Gerald about 9 years

i don't know where you got this idea that models never have behavior. How do you model anything other than CRUD without modeling behavior? Even ViewModels have behavior in many cases, particularly in MVVM apps. DTO is a useful term because it accurately describes the purpose; to transfer data.
joedotnot about 9 years

downvoted for being factually incorrect, and for the pontificating attitude.
PositiveGuy about 9 years

Nonsense. Models should be stupid containers. There is no DTO, it's a MS made up term. You transfer models between domains, services, and apps. Period. DTO is a waste of term that's not needed and only confuses things more. Models, Models and more Models that's it. Models may or may not have behavior. View Models should not. That behavior should be in a BL, not in the Model class.
SQLMason over 8 years

I agree that DTO's are functionally Models.

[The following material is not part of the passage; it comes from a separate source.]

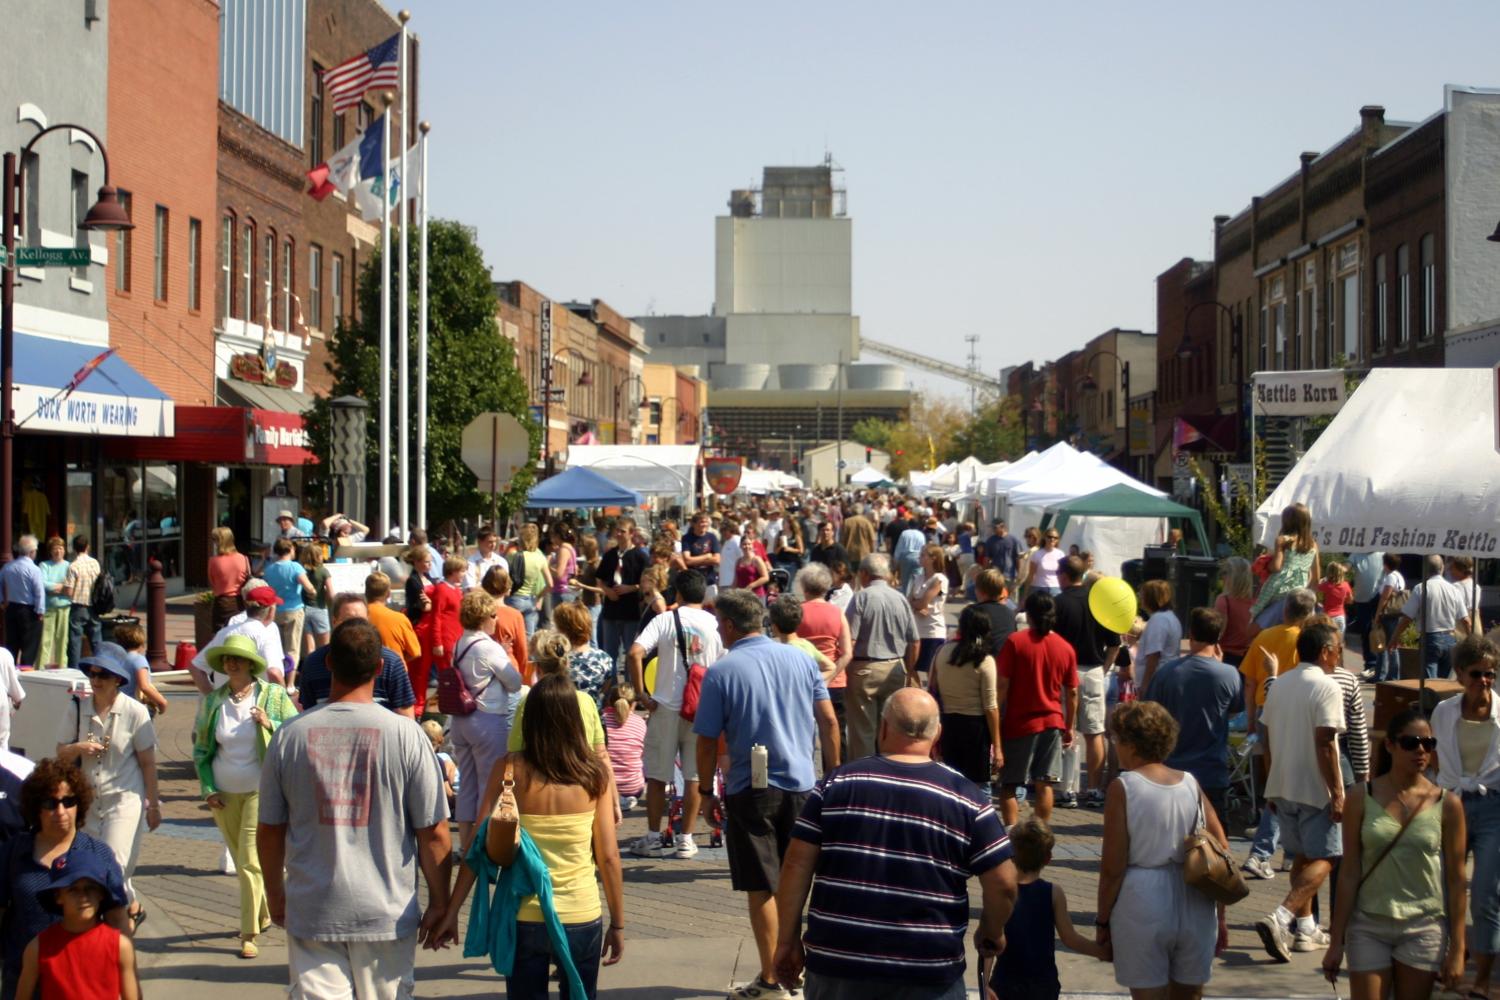 A street festival in Ames Iowa at their Main Street Cultural District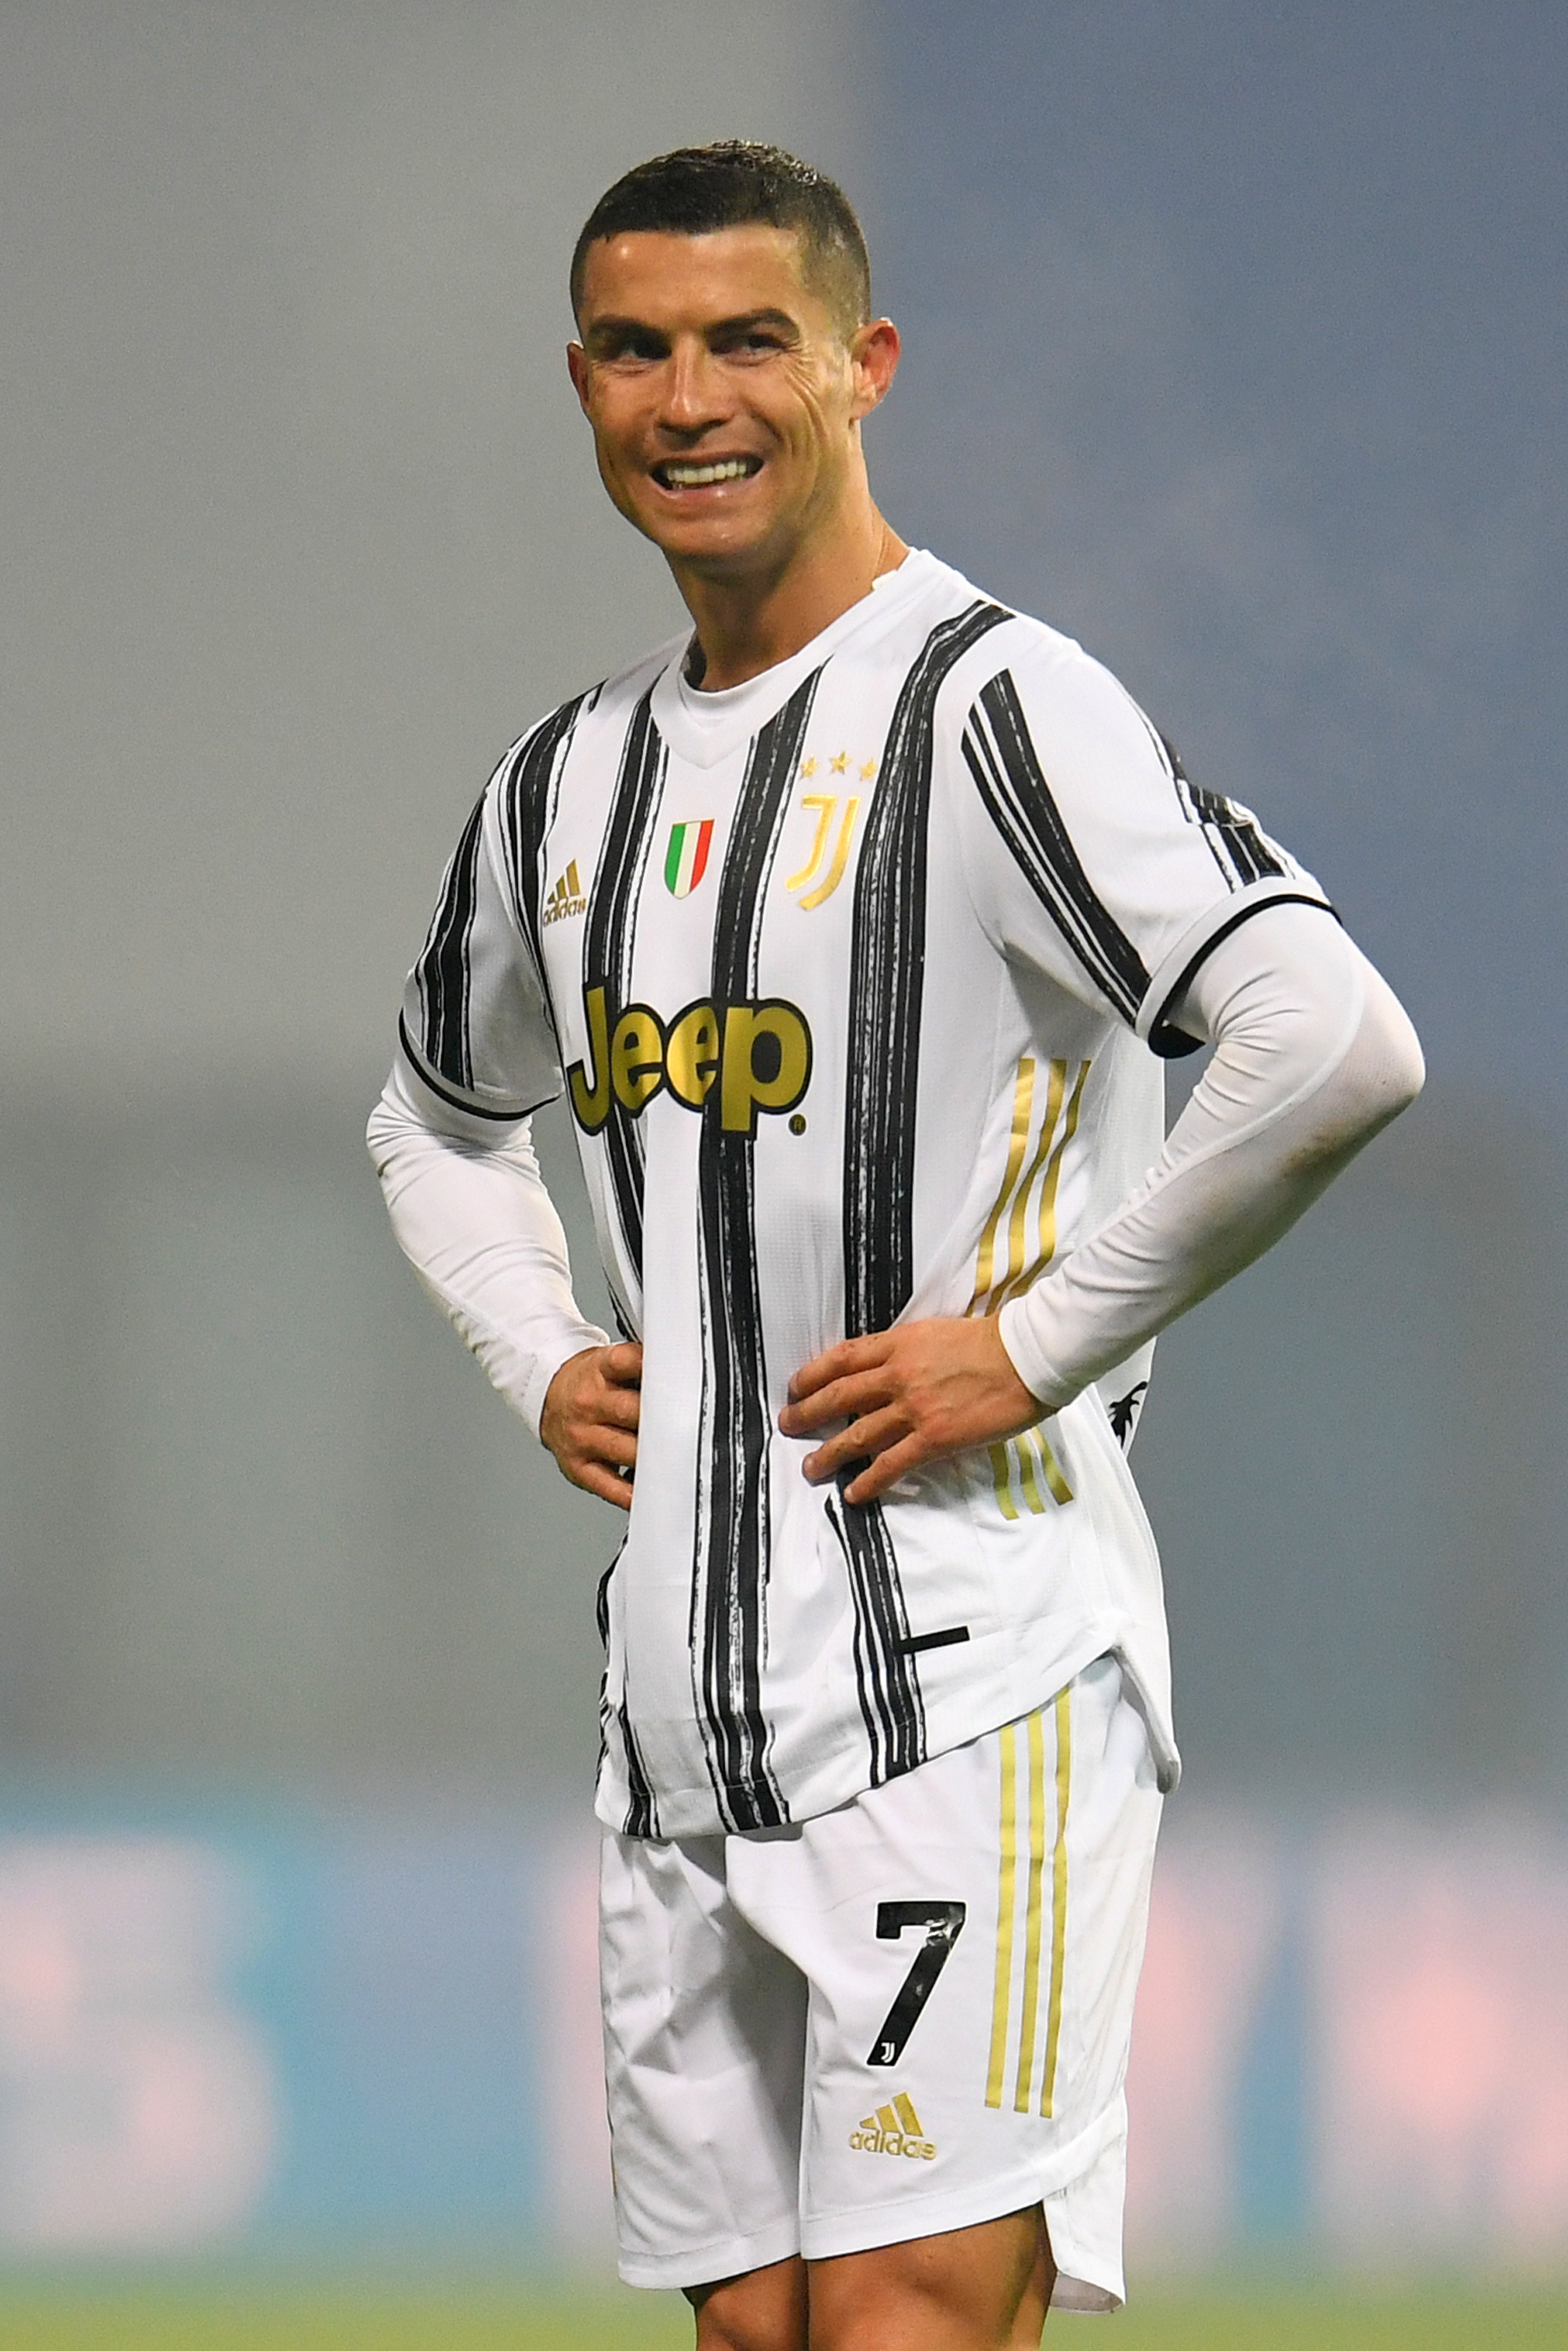 Present day Cristiano Ronaldo in a Juventus uniform.

ViewModels have behavior and is what you bind to in MVVM. HOWEVER, I wrote an app where my Models were more intelligent (basically VMs but I didn't want to call them than) and they "accepted" a DTO object. This allowed me to have more options with the framework. So from CRUD (or even EF), I would transmit the object over WCF services and receive the DTO object and encapsulate it (adding OnProp Change, etc). My ViewModels performed further encapsulation and may have accepted two (or a list) of "Models". The rigid definition would be VMs.
caa over 8 years

"You transfer models between domains, services, and apps" Why do think the term model is more appropriate and fitting than the term DTO for this behaviour you describe?
KCD over 7 years

@MSSucks in MVC Models often hold business logic so the term "DTO" is less likely to be interpreted differently
Michael Meadows about 7 years

@PositiveGuy A model serves a different purpose from a DTO. DTO should be for transferring data from one domain to another (whether or not they're in the same runtime is irrelevant). A model "represents" an aspect of a domain, like a screen, service, or data source. Models include state and behavior, that are representative of what they're modeling.
Mariusz Jamro over 5 years

Please note that anemic domain models are not necessarily bad, especially if your app is mostly CRUD. Favor simplicity over Martin Fowler.
Herman Van Der Blom over 2 years

Its not Evil. It all comes down on good design. With bad design you indeed will overengineer. You will see that if everything in a web site is a Serviceable. Put everything in a DomainModel and aggregate where possible. Its wrong to create objects for everything.